Tuesday, August 5, 2014

The Good Enough Mother

Perhaps you, like I, have been caught in the trap of trying to be the ideal mother. I tried to read all the right books, buy (or more specifically NOT buy) all the right baby accessories, sign up for all the right classes, and be present every time my baby needed me. And I trusted that all of these decisions would create the ideal environment for my child to grow and develop into a healthy, happy adult. I was convinced that if I failed to meet any need, that child would grow up permanently damaged. So, you can imagine how exhausted I became.


This isn't really me, but it could be! I was so exhausted and so discouraged that I wanted to give up, since I had probably already ruined my kids for life. Then, My therapist told me about the 'Good Enough Mother". He asked me one day "What if Good Enough was really the Ideal?" It sounded like a paradox to me. I have never aspired to be "Good Enough" at anything. You might as well aim for last place in a marathon or the night crew at McDonalds. Good Enough is lame. Or so I thought. 

The Good Enough Mother was a term coined by a pediatrician turned psychoanalyst named Charles Winnicot in England in the 1950's. He spent his career studying what would be the ideal setting for a child to be raised in. He divided mothers into three groups- Ideal Mothers, Neglectful Mothers, and what he termed the "Good Enough Mother". 

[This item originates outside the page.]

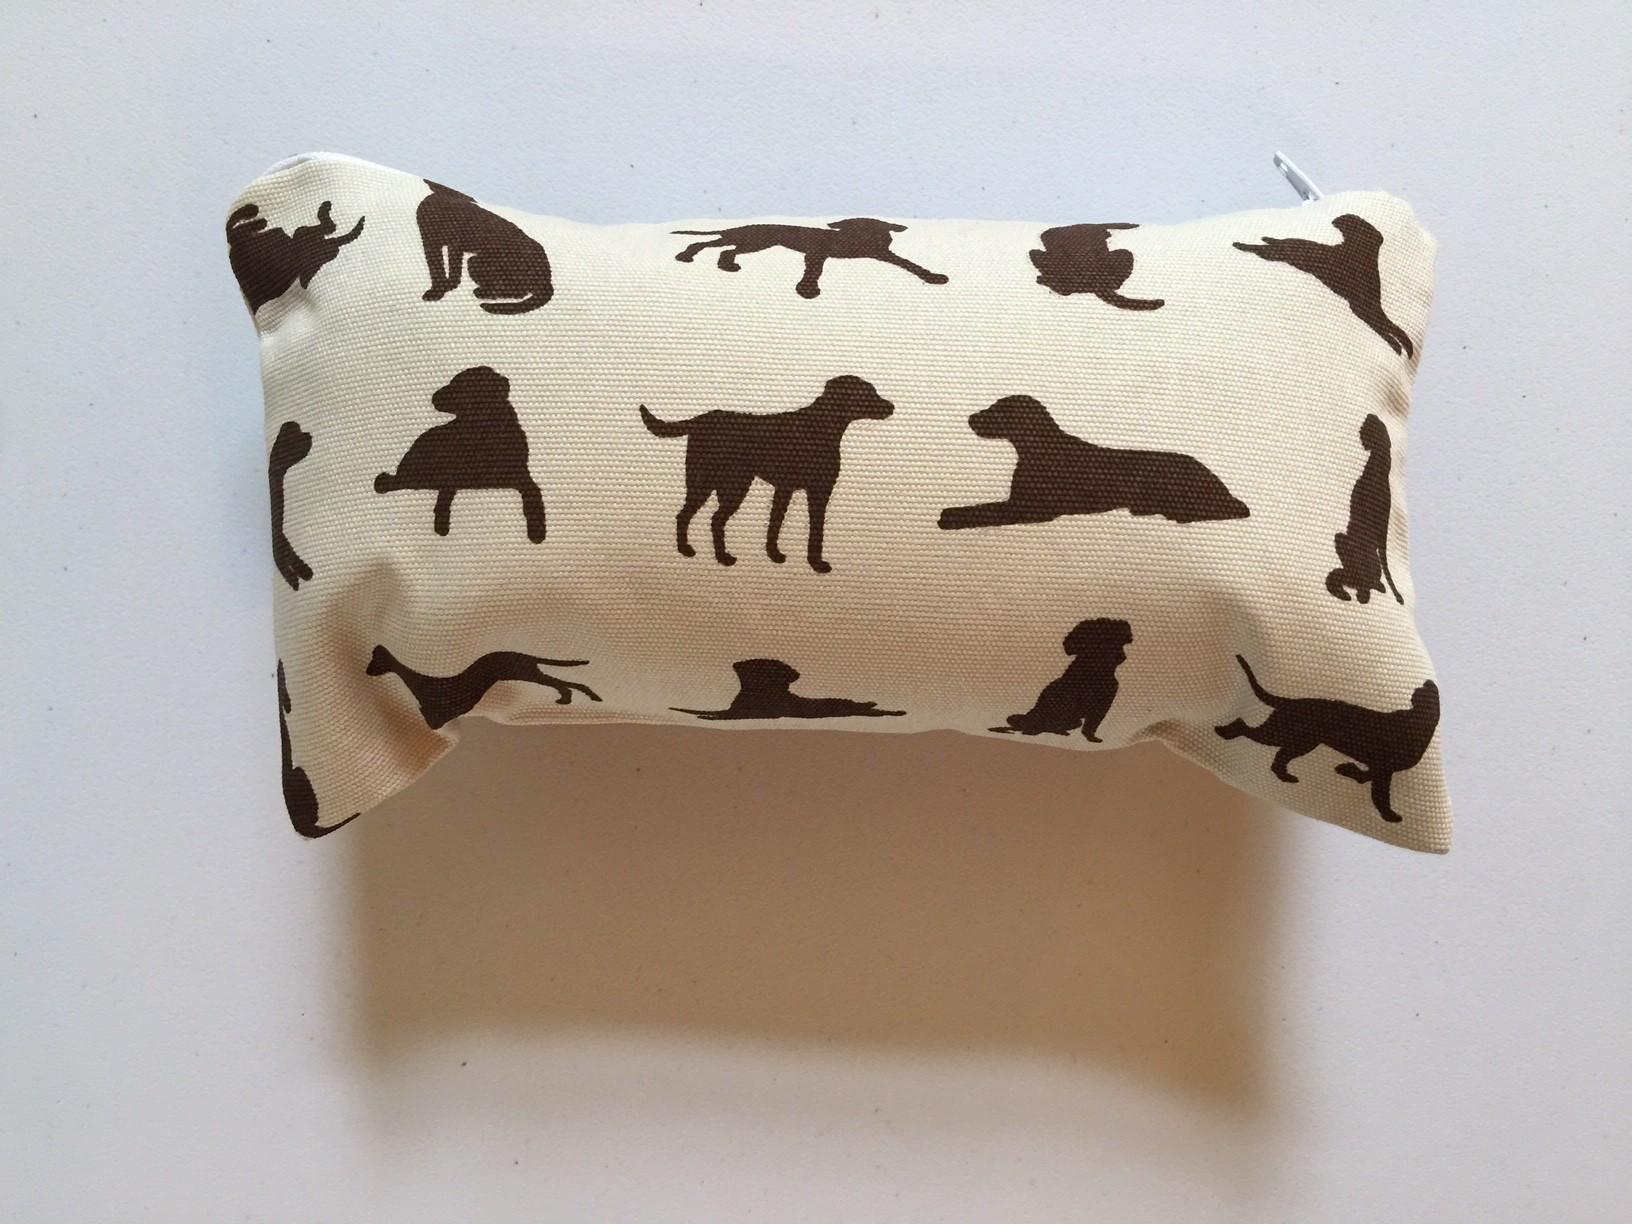 Small bag - Chocolate Labrador design

Ideal Mothers need no explanation. They are perfect, They do everything right. They are present 24/7, they never raise their voices, they are 100% happy to meet their baby's needs anytime day or night.

The neglectful Mother is also easy to identify. She never holds her baby, regularly ignores his cries, and provides inadequate food. 

The Good Enough mother is in between the two. The good enough mother provides "holding place" for the child. She is loving and attentive as much as she can be. She bathes and feeds and talks to her baby. She also sometimes hates the baby. She becomes frustrated and sometimes resentful. As the baby matures, (4-6 months), she responds to baby's cries less and less readily. She allows him a few minutes here and there to learn to self soothe. She allows him to gain confidence in the knowledge that he is "other" from her. She may provide a security blanket so he can comfort himself when she is otherwise engaged. She is perfectly imperfect. And she is the ideal mother. 

Isn't that liberating? You don't have to be perfect! You just have to be Good Enough! Once I decided that my aim was to be Good Enough, life became so much more do-able. I felt like I could breathe. The birthday doesn't have to be perfect, just good enough. Their education doesn't have to be excellent, just good enough. My home doesn't have to be perfect. Just good enough. I don't have to be perect. just good enough.

This is such a juicy topic that I would love to hear from you in the comments. What do you think constitute "Good Enough" in your life? 

 Maybe today you are not feeling like you are enough. Here is an oil blend just for you... 

Blend 2 drops each bergamot, fennel, frankincense, geranium and ylang-ylang 
Apply to the core of the body of the bottoms of the feet 
Repeat the affirmation: I love and accept Myself. I am enough.